COURT. Q. Have you been convicted of picking pockets? A. I might have been; I can't remember it—I will swear that I can't remember it.

SARAH KENRICK . I am the wife of the last witness—I have known Cole a great many years—on 11th September, about half-past 11 at night my husband and Mr. Holland brought him up stairs very much intoxicated—he slept on some of my petticoats and some of the bed clothes—he remained there till between 8 and 9 the next morning—when I awoke he was there—he had recovered from his drunkenness then—he could not have gone out of the room, the door was locked.

Cross-examined, Q. How many beds had you in this room? A. One, me and my husband slept there—Holland went away—my husband was very intimate with the prisoner—they are often in public-houses together.

MR. LILLEY. Q. Did you ever see any whiskers on Cole's face? A. No, never.

COURT. Q. Where does he live? A. Down Bermondsey way—I never went to his house—I know by speaking to his wife that he lives in Bermondsey—I did not see him again after the Monday, till he was in custody, not to my recollection—I saw him again the same day two or three times, in St. George's New-town—I first heard of the robbery about three weeks ago—it was on a Saturday night that I heard he was taken on suspicion of the tea robbery—I had not heard of the robbery before that.

HENRY HOLLAND . I am a tobacco-pipe maker, and live in Kent-street, St. George's New-town—I have known Cole for years, by sight—one night, during September, I took him home drunk—it was on the 11th—I don't know what month; I am no scholar and I forget—it was 11th February or 11th December—I should think it is about a month ago—this month is February, isn't it?—I am no scholar—it was Sunday—I took him up to John Kenrick's place—I met with him outside the Golden Fleece—I saw him next morning, and had a drop of ale with him at the Golden Fleece, about half-past 9—I did not see him after that, till he was in custody.

THOMAS OVERSHOTT . I am the landlord of the Golden Fleece—it is a licensed house—I know the prisoner, he uses my house sometimes—he was there on Sunday evening, 11th September—I shut up at 11 o'clock—he was very tipsy that night, and I refused to serve him at 10 o'clock—the last saw of him was at 11 o'clock, when he went out of the door with the rest—I believe Kenrick was there that evening—about 9 the next morning, Kenrick and Cole came into my house both together—Cole was very drunk the night before.

Cross-examined. Q. How do you know that? A. Because he staggered about.

JAMES DANIEL ROGERS . I am a hairdresser, and live at 61, Bermondsey New-road—I have known the prisoner between four and five years—he lives, I believe, in Alley-street, Bermondsey New-road—it is from a quarter to half a mile from St. George's New-town to the Golden Fleece—I have shaved Cole for turned four years—I never found any whiskers on his cheeks, he could not grow any—he had a few straggling hairs on his face, no whiskers—he has never had any whiskers.

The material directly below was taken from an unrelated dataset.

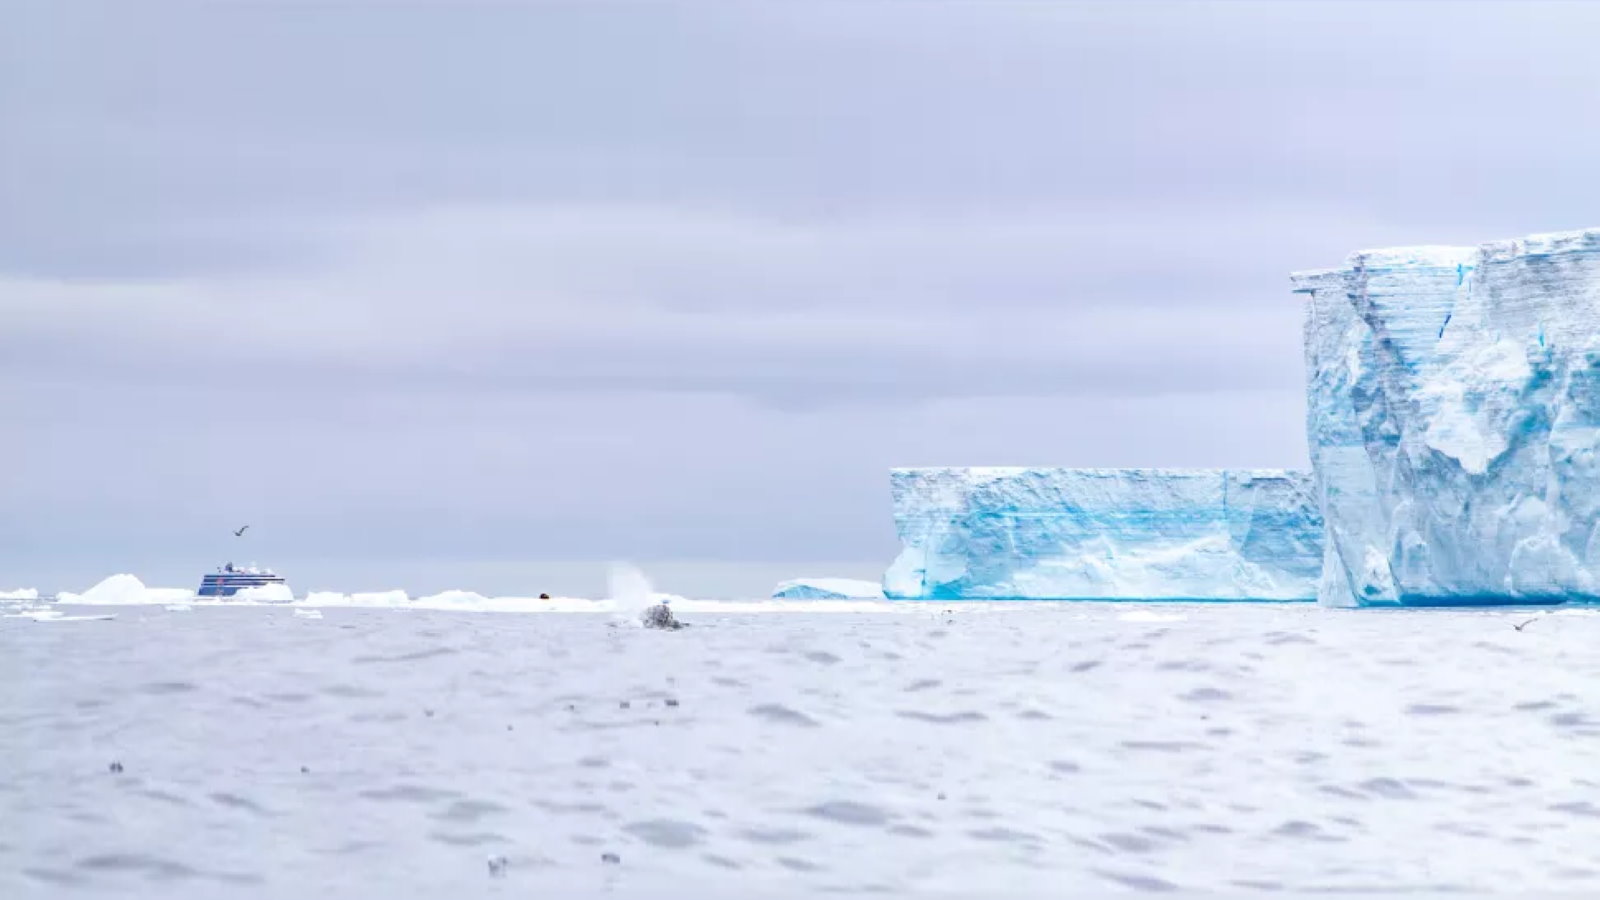 Експедиційний корабель "Експлорер" наближається до краю айсберга A-68a  © Henry Páll Wulff, CC BY 4.0

Cross-examined. Q. What part of him did you shave? A. The upper lip and just round the chin—I have not been very intimate with him—I have shaved him twice a week during the last four years I should say—sometimes he has been away for a week or two—I am a hairdresser and barber too—I don't sell false moustaches or whiskers—I have never been locked up—only twice—I have been bailed out—I have not been locked up for the last twelve months—I have been summoned for my missus—she wanted to leave me, and I said she might go if she liked—I have only been locked up twice.

MR. LILLEY. Q. What was it for? A. Only for being drunk; I was discharged when I was sober—I have not been locked up since last February twelvemonth—I have been a married man since then, and have not been looked up.

COURT. Q. When did you lost shave the prisoner? A. Three weeks lost Saturday, between 7 and half-past, in the evening, and I think on the Tuesday before that—I should say I have shaved him for the last two months twice a week, up to last Saturday three weeks—I was examined before the Magistrate.

GUILTY .—He was further charged with leaving been before convicted of felony on 9th May, 1857, at Southwark, to which he

PLEADED GUILTY.— Seven Years' Penal Servitude.